The raw foods diet has finally made its way into my life!  I normally try to have a raw meal once a day to keep in line with having processed foods at a minimum.  Some benefits include increased energy, better digestion, weight loss, and improved skin/hair appearance.  Anyways!  There a lot of great benefits, but I could never implement a 100% raw lifestyle because 1.) it would require too many trips to the grocery store to keep produce fresh, 2.) i like meat!, and 3.) kind of high maintenance and involves a lot of planning!  Nevertheless, it is still a great idea to try to include part of this diet into your lifestyle.

Here is some good informational links for raw diet/lifestyles: www.rawguru.com and www.kristensraw.blogspot.com

Now onto the banana icecream!
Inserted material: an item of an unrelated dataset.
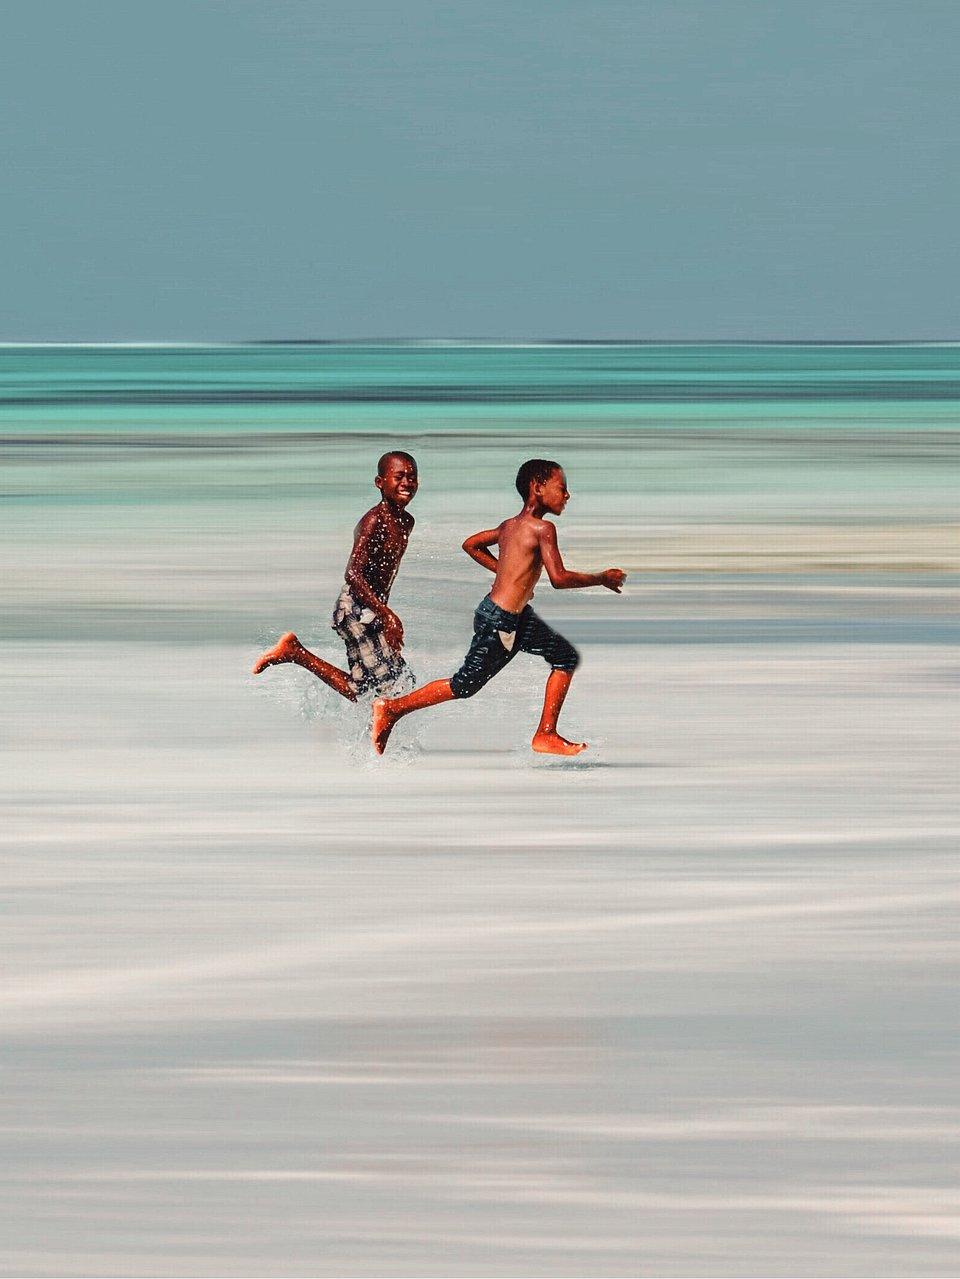 Location: Zanzibar, Tanzania

I love icecream, but unfortunately for me I am semi-lactose intolerant… so sometimes this item does not agree with my body.  Moreover, a lot of today’s icecream are highly processed with additives like high fructose corn sugar along with saturated fat.  This is probably one of the easiest recipes ever, all you need are some frozen bananas.  This idea was taken from this raw food blog: Choosing RawTake 2-3 peeled frozen bananas (you can cut them before freezing) and put them in a food processor or blender. The frozen bananas create a creamy icecream-like texture, almost like soft-serve.   I can imagine throwing in some mixes into the blender like some cocoa powder, carob chips, or fresh fruit.
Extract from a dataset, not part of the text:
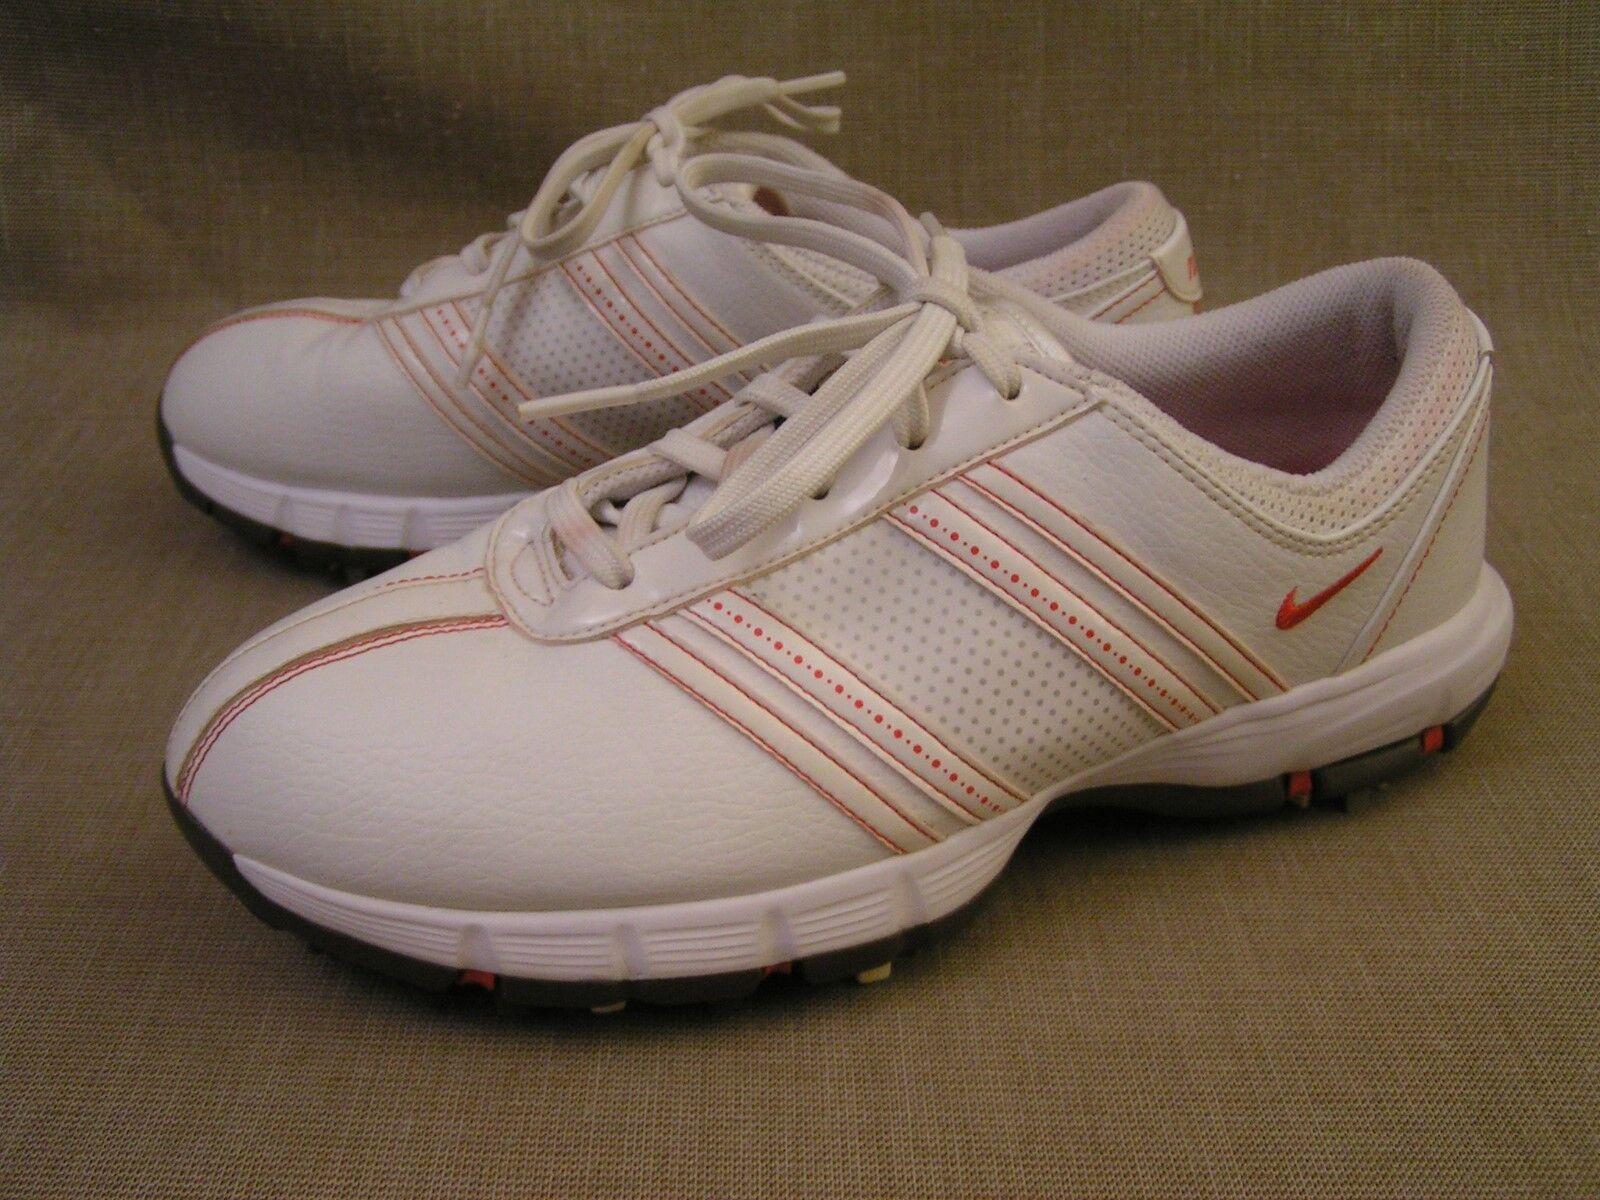 Nike Womens Delight White & Red Golf Cleat Tac Spike Shoes 317622-161 Sz. 8 EUC Seasonal clearance sale

July 9, 2009 at 2:27 am Leave a comment

ASPARAGUS AND BROCCOLINI SALAD WITH GINGER & SPROUTS

This is an adapted recipe version of the asparagus salad recipe from 101 cookbooks.   I love asparagus!  It’s one of my favorite vegetables for its taste and texture.  It’s also a great natural dieuretic.  I’ve been in a recent unconventional salad kick.  I love spinach salads with mixed vegetables of different textures mixed up, but this salad is a fresh recipe perfect for summer.  I mainly modified the recipe by blanching the vegetables, instead of sauteing the asparagus and brocolini.  Blanching is a great way to bring the taste quality out of vegetables without ruining it’s crisp texture.  In addition, I changed the dressing a little and used part olive oil and part ginger oil with a squeezed lime.  This was all topped with some fresh sprouts.
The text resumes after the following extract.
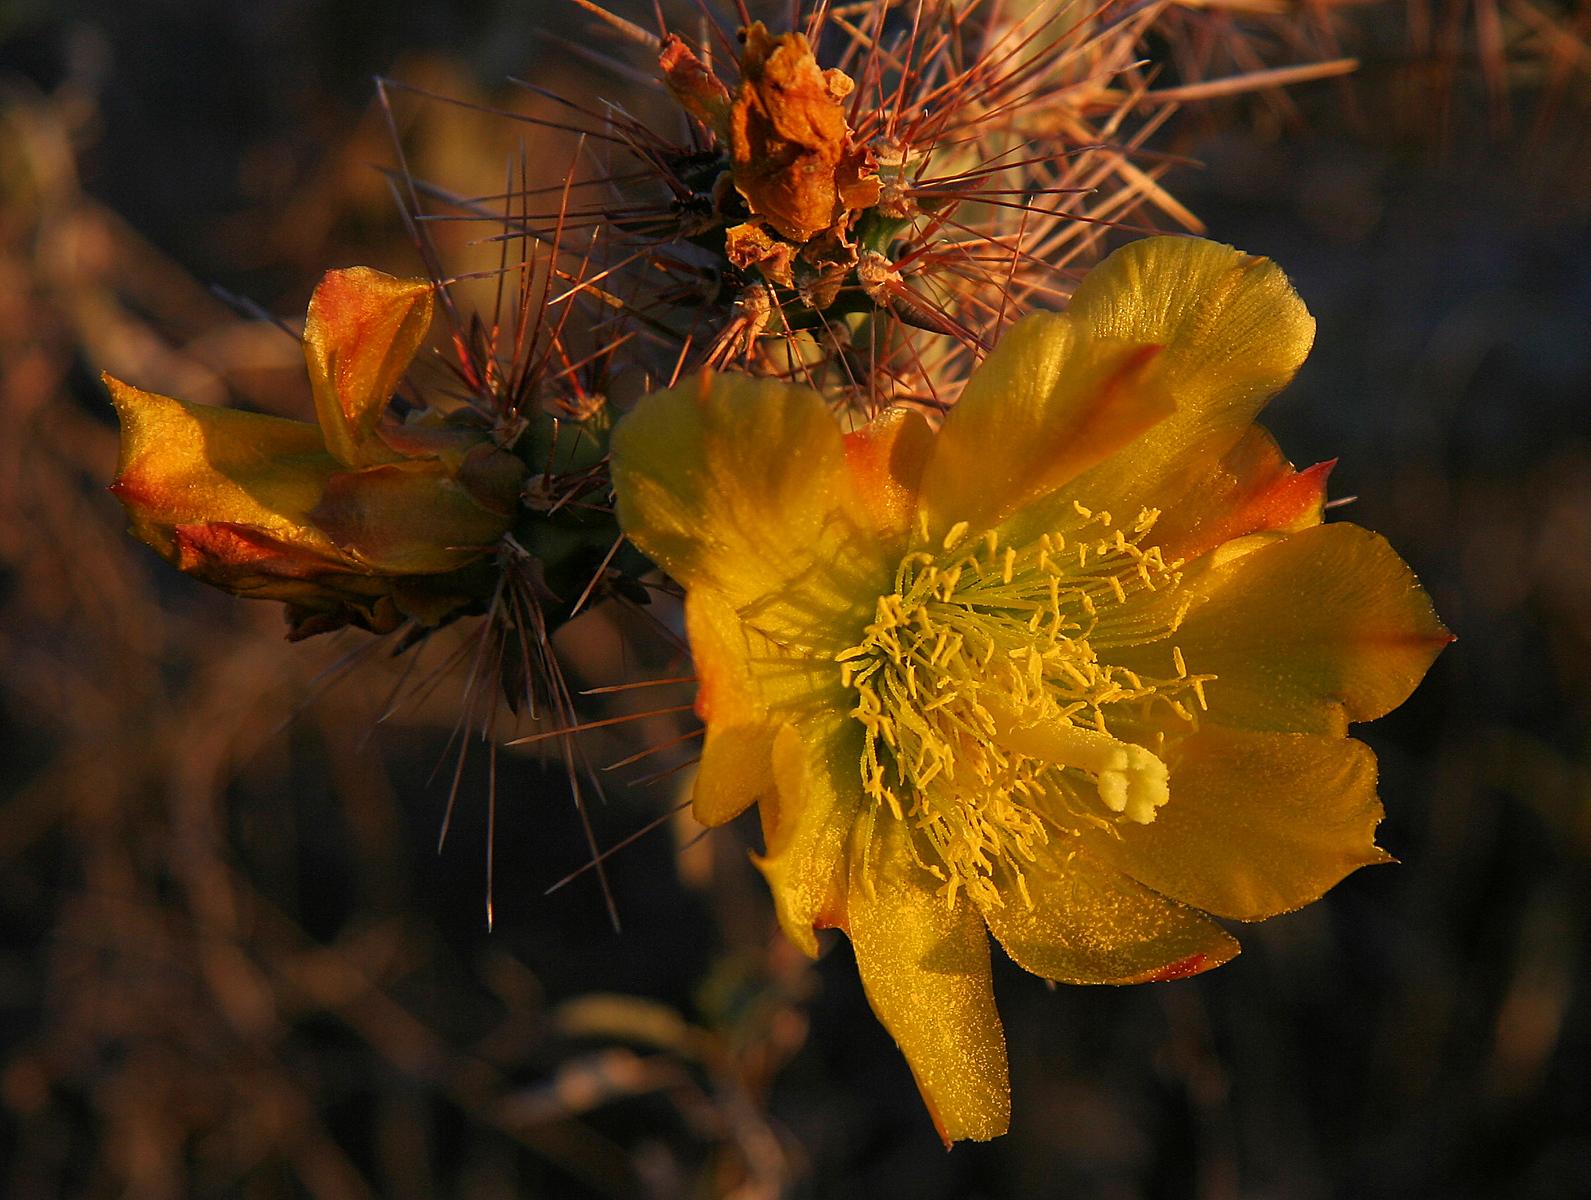 Sunset Cactus Blossum

Ingredients for salad dressing:

1/2 lime squeezed
1 tablespoon of ginger oil
2 tablespoon extra virgin olive oil
1 tablespoon rice vinegar
pinch of salt

The asparagus and broccolini were blanched together.   Sliced radishes were mixed in with the dressing and into the vegetable mix.  Next, sliced almonds (original recipe called for pine nuts) were mixed in.  Lastly, sprouts were placed ontop of the salad.  I found my ginger oil at Whole Foods, but this could be substituted with 3 tbsp of olive oil (instead of 2 tbsp of olive oil) with fresh, minced ginger.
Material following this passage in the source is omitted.